= What to do =
Your answer should be the exact lines of the data below from the one containing "Kenwood KAC-7205M Instruction Manual" through the one containing "Intracellular Pathways of"; please include nothing else.

= Provided data =
=== Begin Enclosure ===
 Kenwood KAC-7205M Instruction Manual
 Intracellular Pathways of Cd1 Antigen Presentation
=== End Enclosure ===
=== Begin Enclosure ===
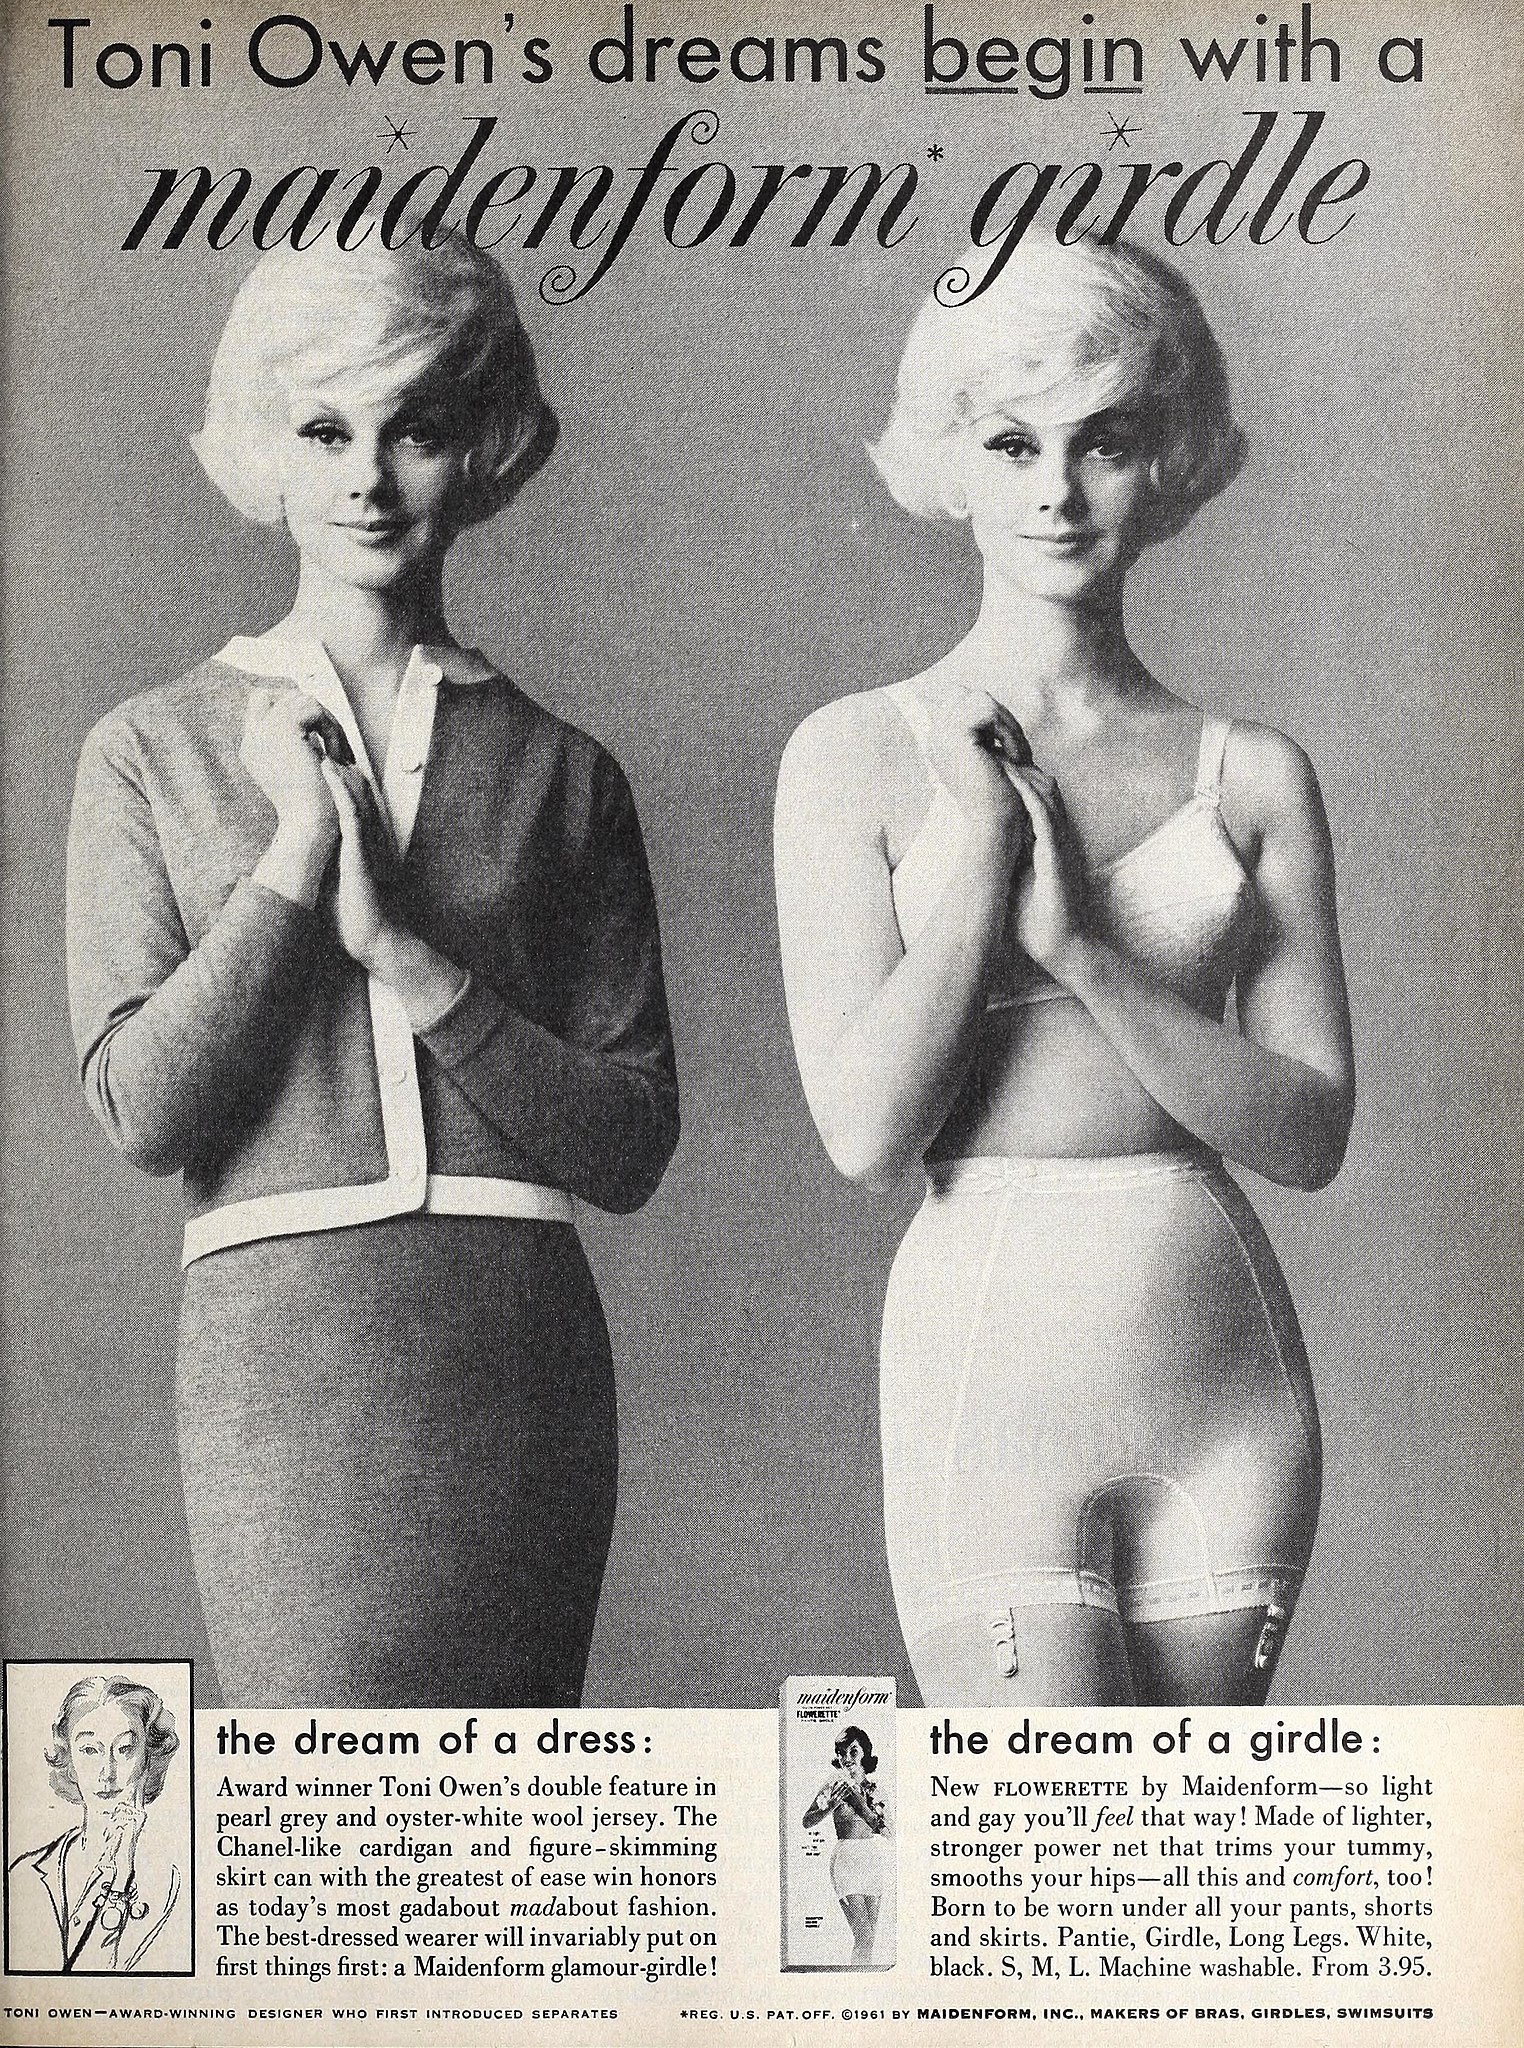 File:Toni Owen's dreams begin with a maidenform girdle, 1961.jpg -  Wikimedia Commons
=== End Enclosure ===
= Response =
 Kenwood KAC-7205M Instruction Manual
 Intracellular Pathways of Cd1 Antigen Presentation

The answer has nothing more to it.